Article

Deletion of p120-catenin results in a tumor microenvironment with inflammation and cancer that establishes it as a tumor suppressor gene.

Division of Gastroenterology, University of Pennsylvania, Philadelphia, PA 19104, USA.
Cancer cell (Impact Factor: 23.89). 04/2011; 19(4):470-83. DOI: 10.1016/j.ccr.2011.02.007
Source: PubMed

ABSTRACT p120-catenin (p120ctn) interacts with E-cadherin, but to our knowledge, no formal proof that p120ctn functions as a bona fide tumor suppressor gene has emerged to date. We report herein that p120ctn loss leads to tumor development in mice.
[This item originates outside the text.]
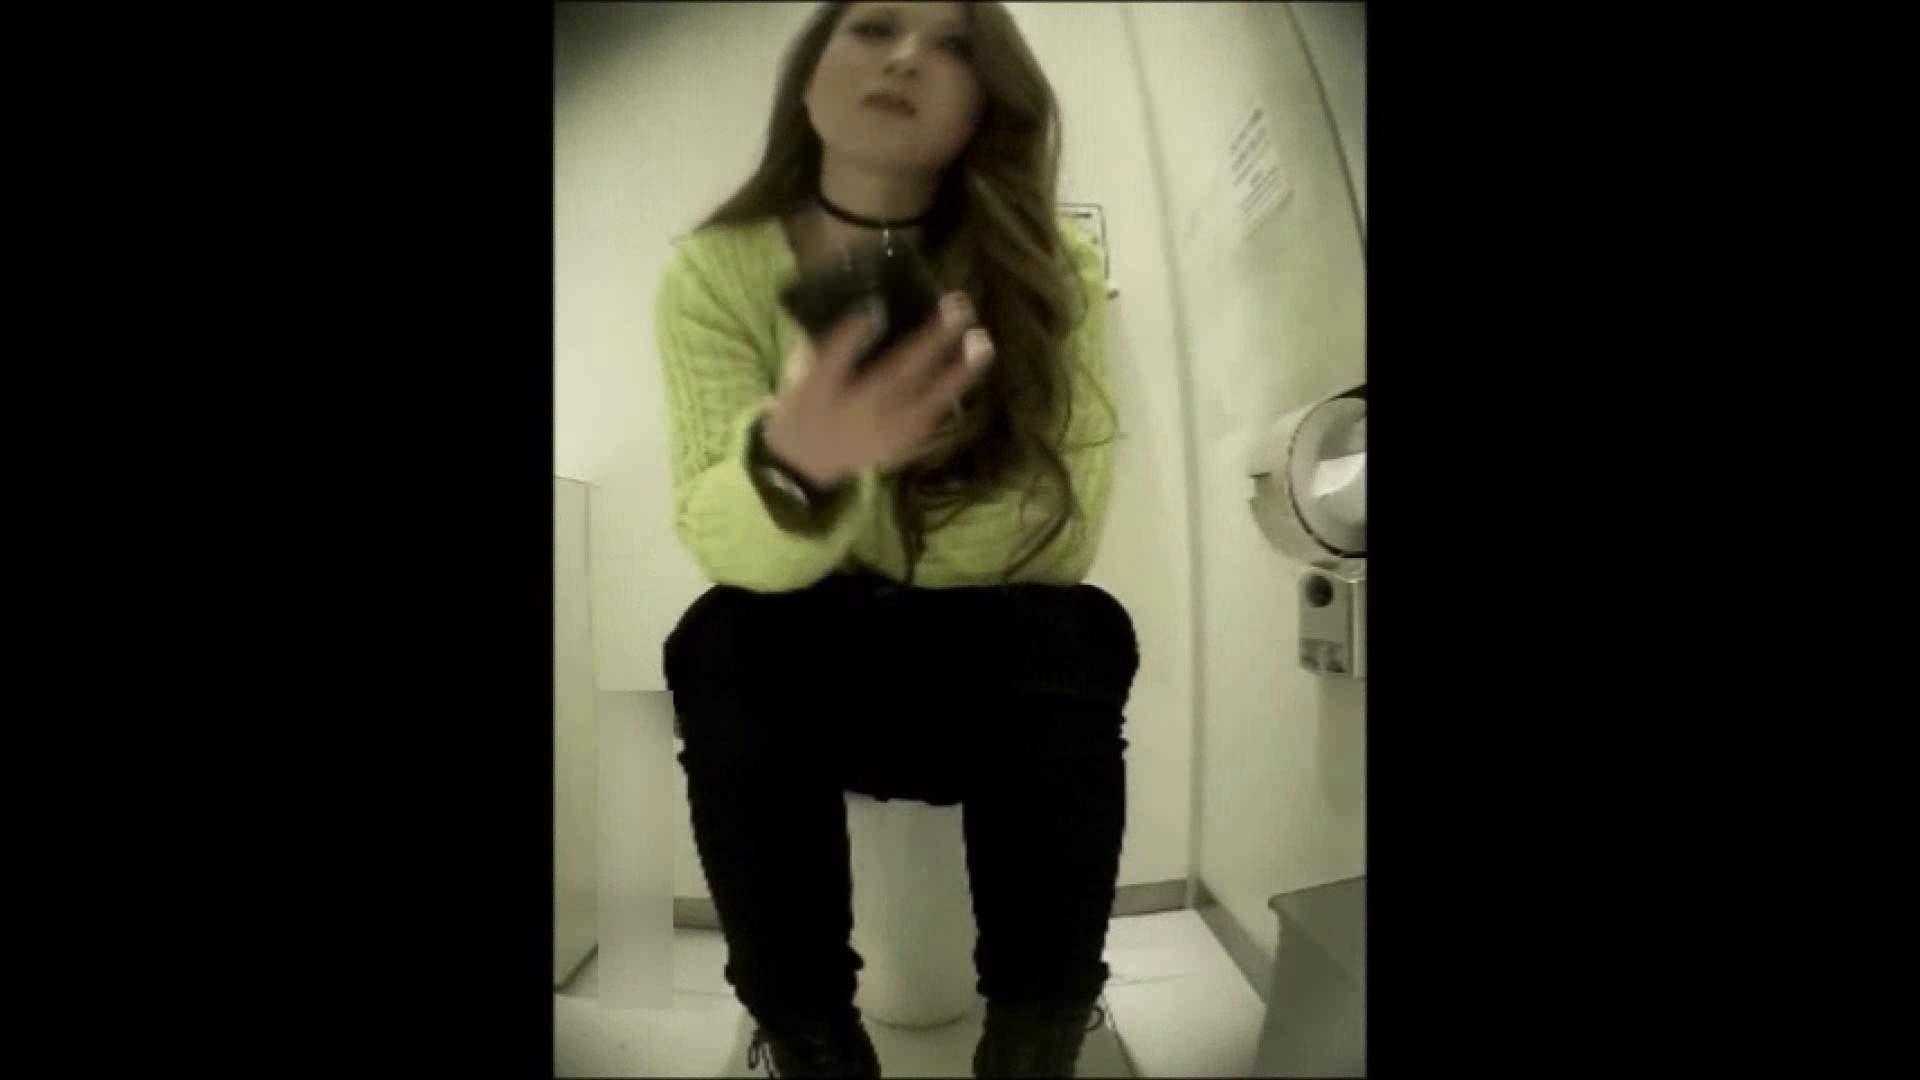 洗面所盗撮~隣の美人お姉さんVol.16 OLの実態 覗きぱこり動画紹介 39pic 2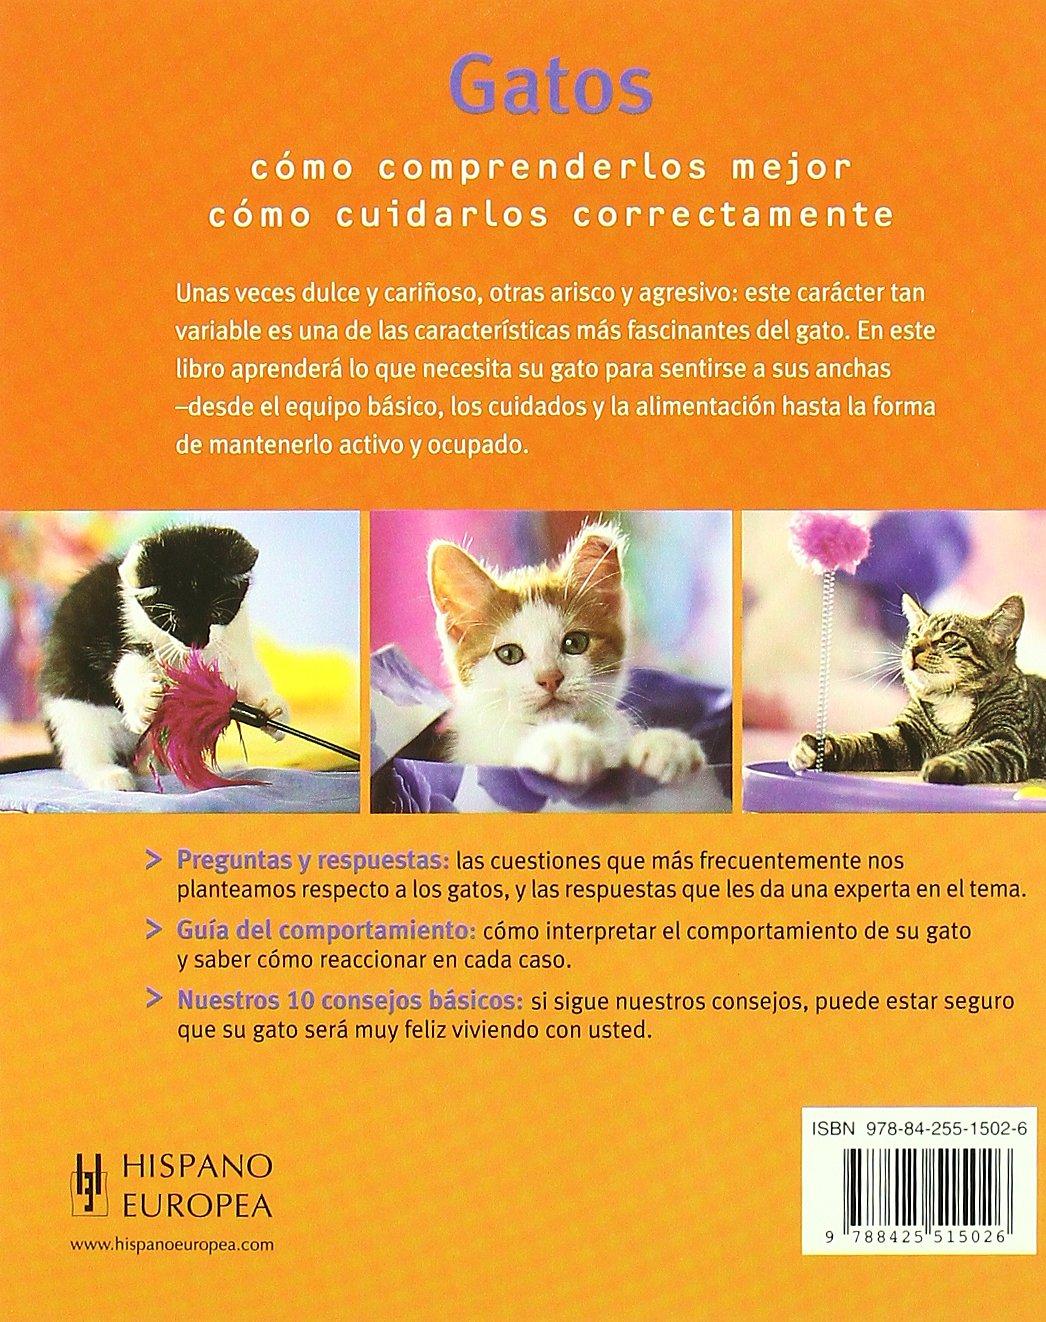 Gatos sanos y felices / Healthy and happy cats (Spanish Edition): Katrin Behrend: 9788425515026: Amazon.com: Books

We have generated a conditional knockout model of p120ctn whereby mice develop preneoplastic and neoplastic lesions in the oral cavity, esophagus, and squamous forestomach. Tumor-derived cells secrete granulocyte macrophage colony-stimulating factor (GM-CSF), macrophage colony-stimulating factor (M-CSF), monocyte chemotactic protein-1 (MCP-1), and tumor necrosis factor-α (TNFα). The tumors contain significant desmoplasia and immune cell infiltration. Immature myeloid cells comprise a significant percentage of the immune cells present and likely participate in fostering a favorable tumor microenvironment, including the activation of fibroblasts.